Goal of the exercise
Print the listing below exactly, minus its pictures.

Dataset extract
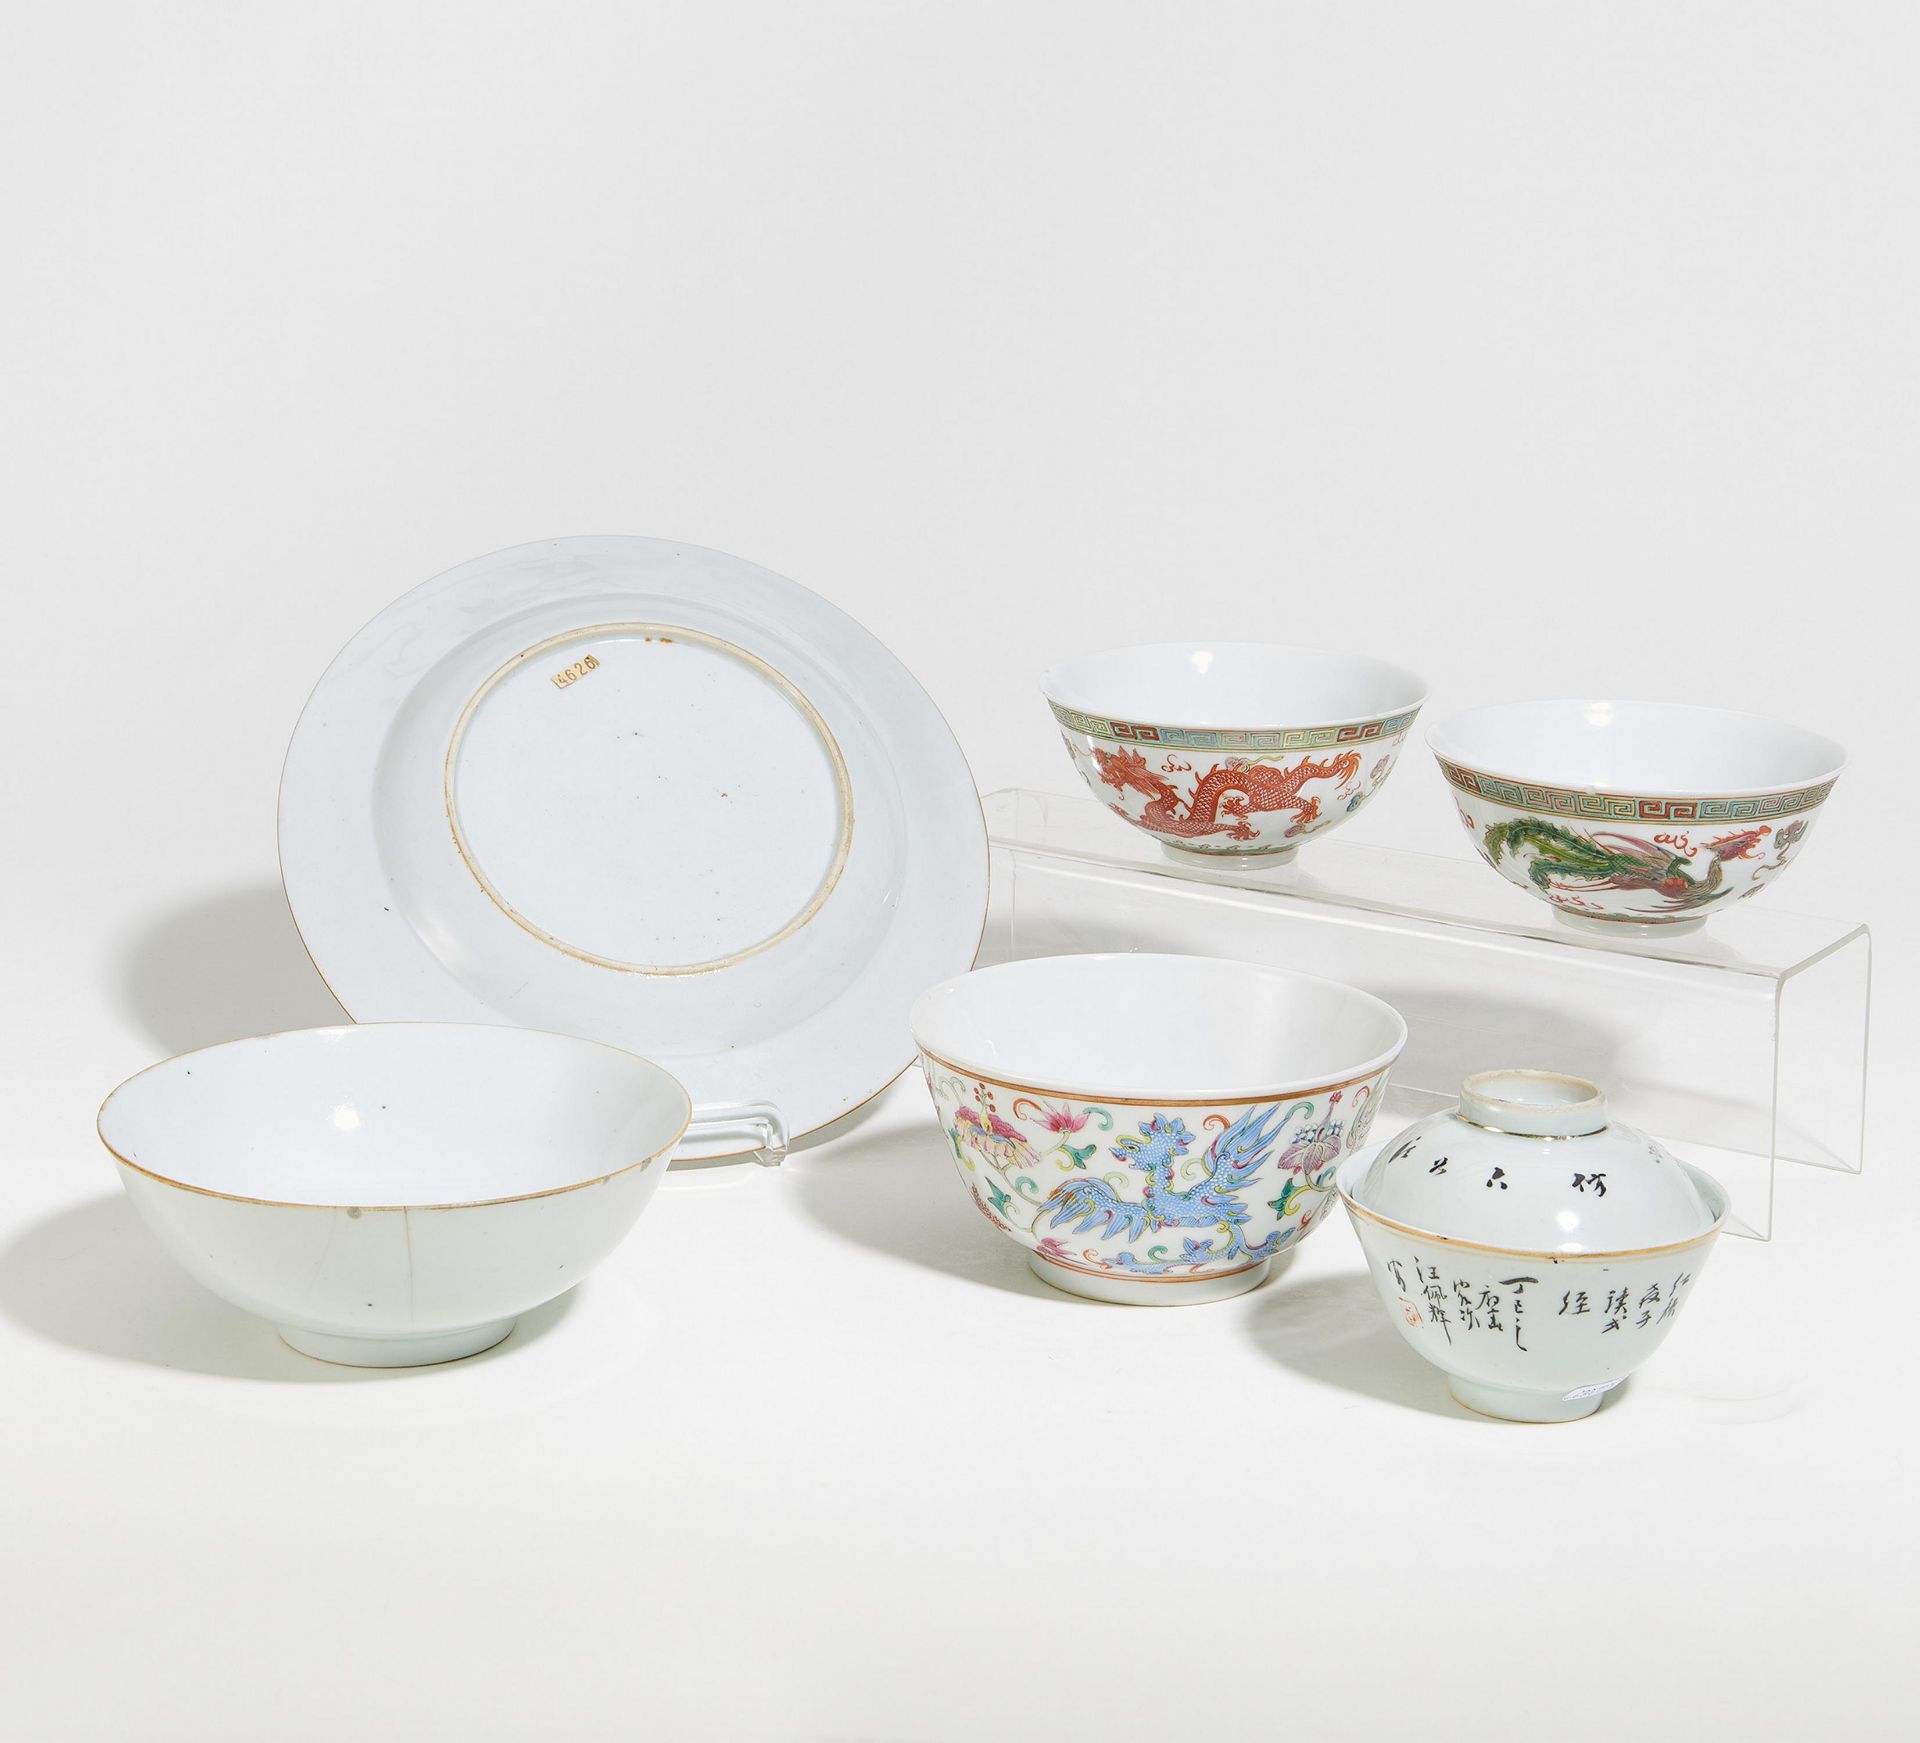 LOT OF SIX PORCELAIN PIECES. Origin: China. Dynasty: Qing dynasty and later. Date: 18th-20th c. - Bild 2 aus 9
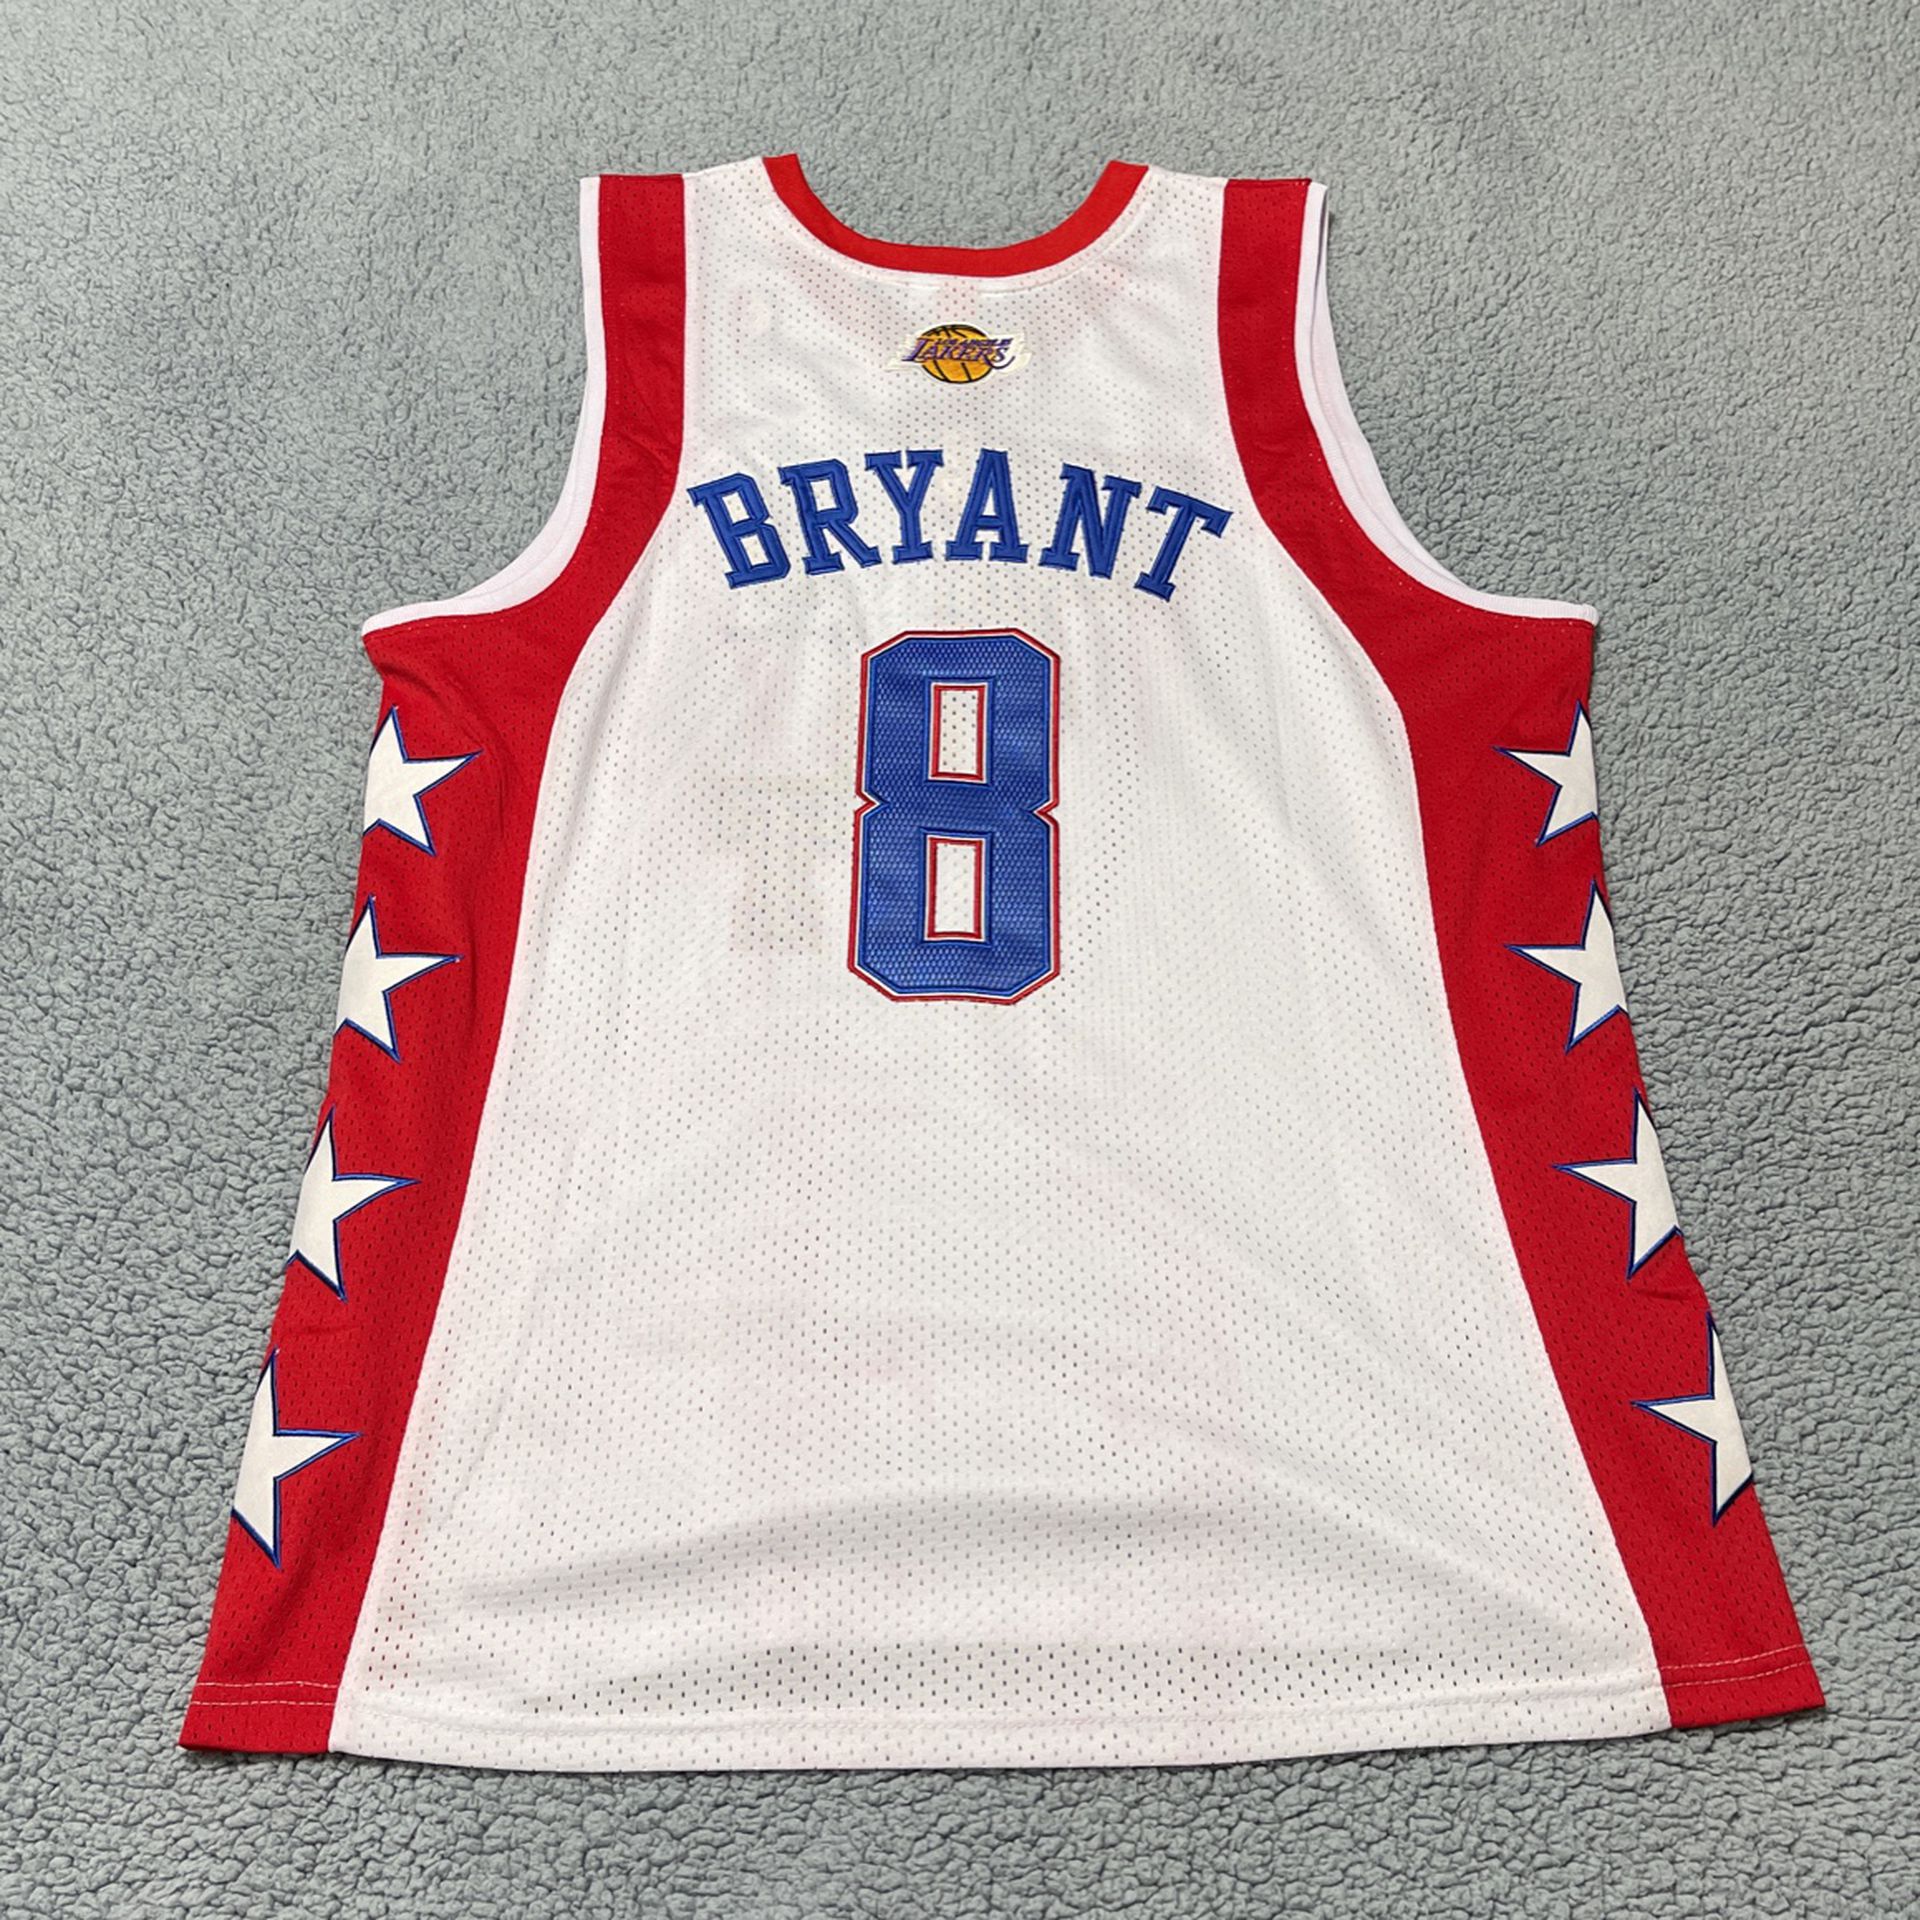 Kobe Bryant All Star Jersey XL 2004 Mitchell Ness Lakers Throwback NEW with Tags 
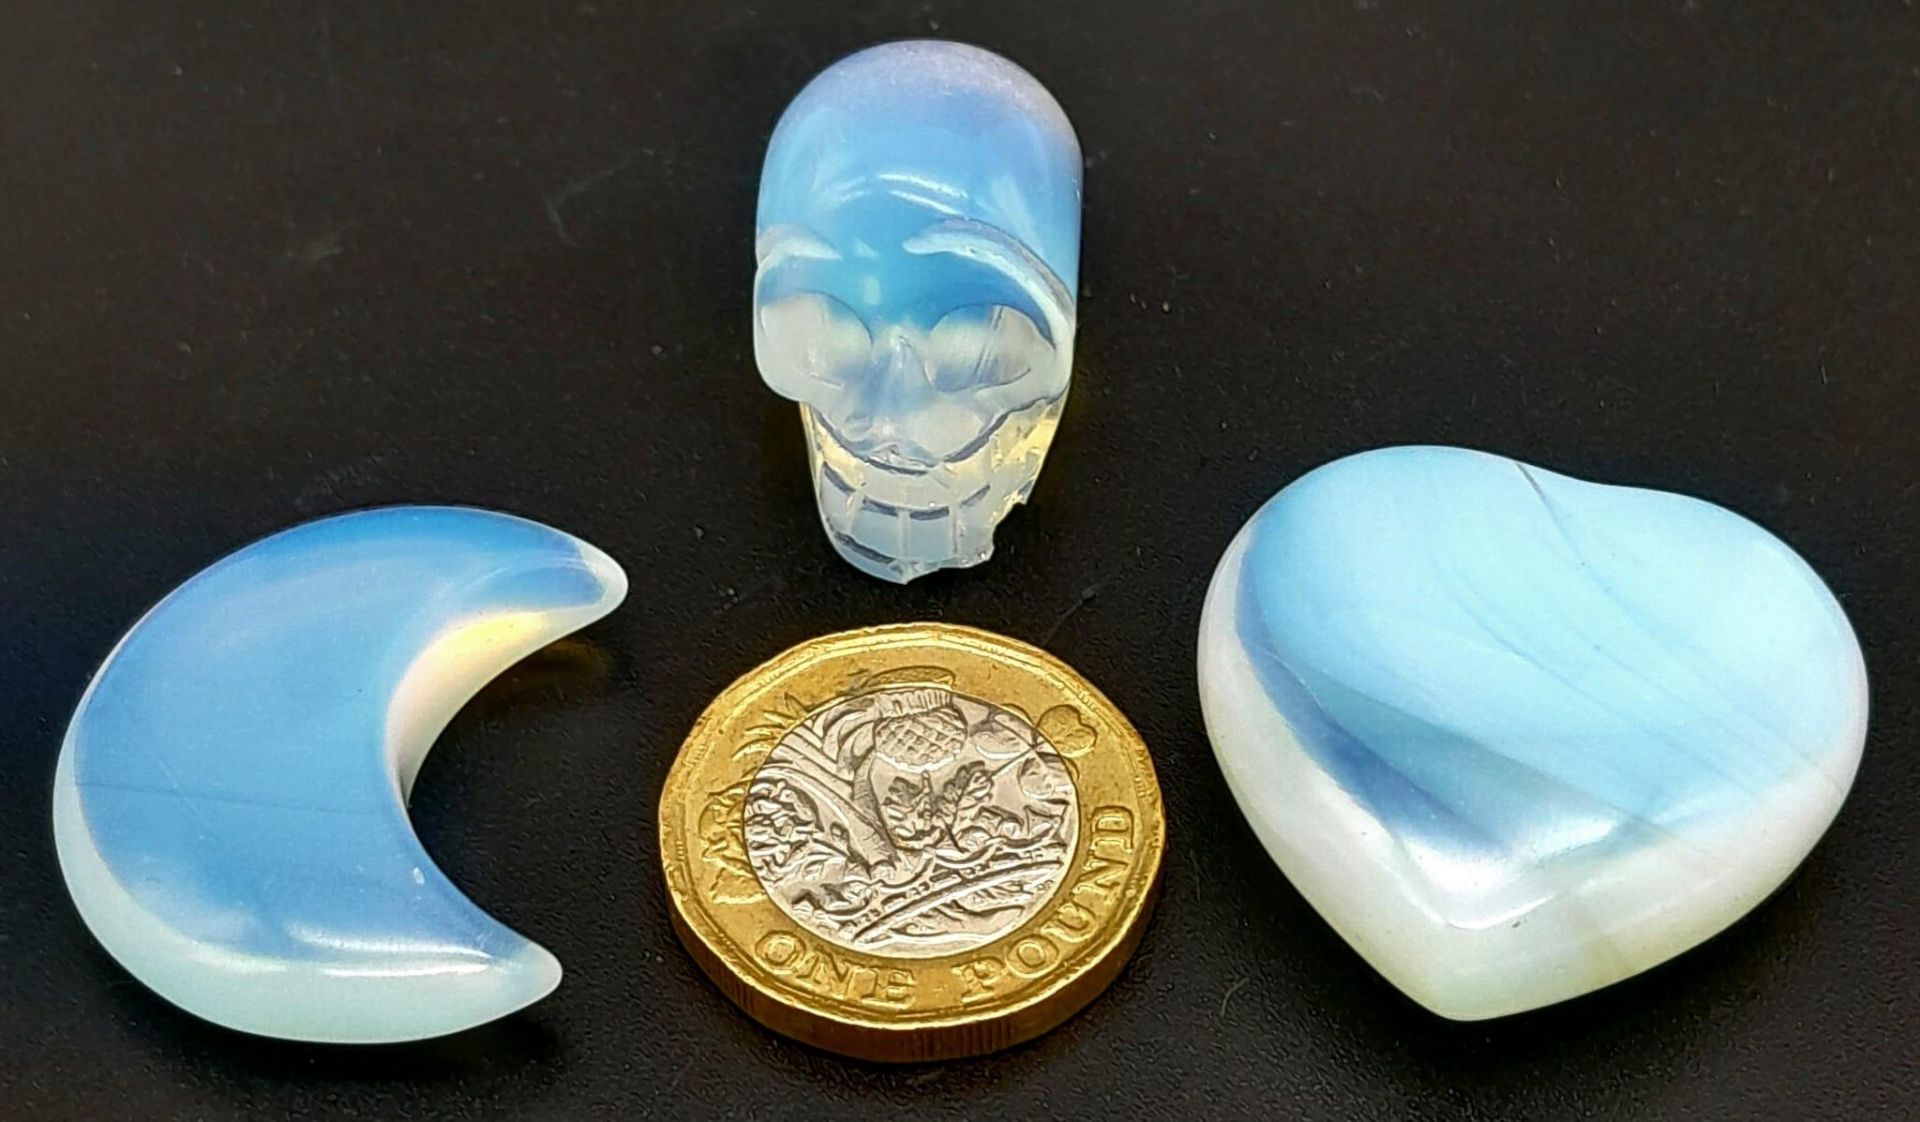 Parcel of 4 Opalite Figurines. Featuring a Dog, Skull, Heart & Moon. - Image 4 of 4

Answer area
 LOT OF SIX PORCELAIN PIECES. Origin: China. Dynasty: Qing dynasty and later. Date: 18th-20th c. - Bild 2 aus 9
 Kobe Bryant All Star Jersey XL 2004 Mitchell Ness Lakers Throwback NEW with Tags 
 Parcel of 4 Opalite Figurines. Featuring a Dog, Skull, Heart & Moon. - Image 4 of 4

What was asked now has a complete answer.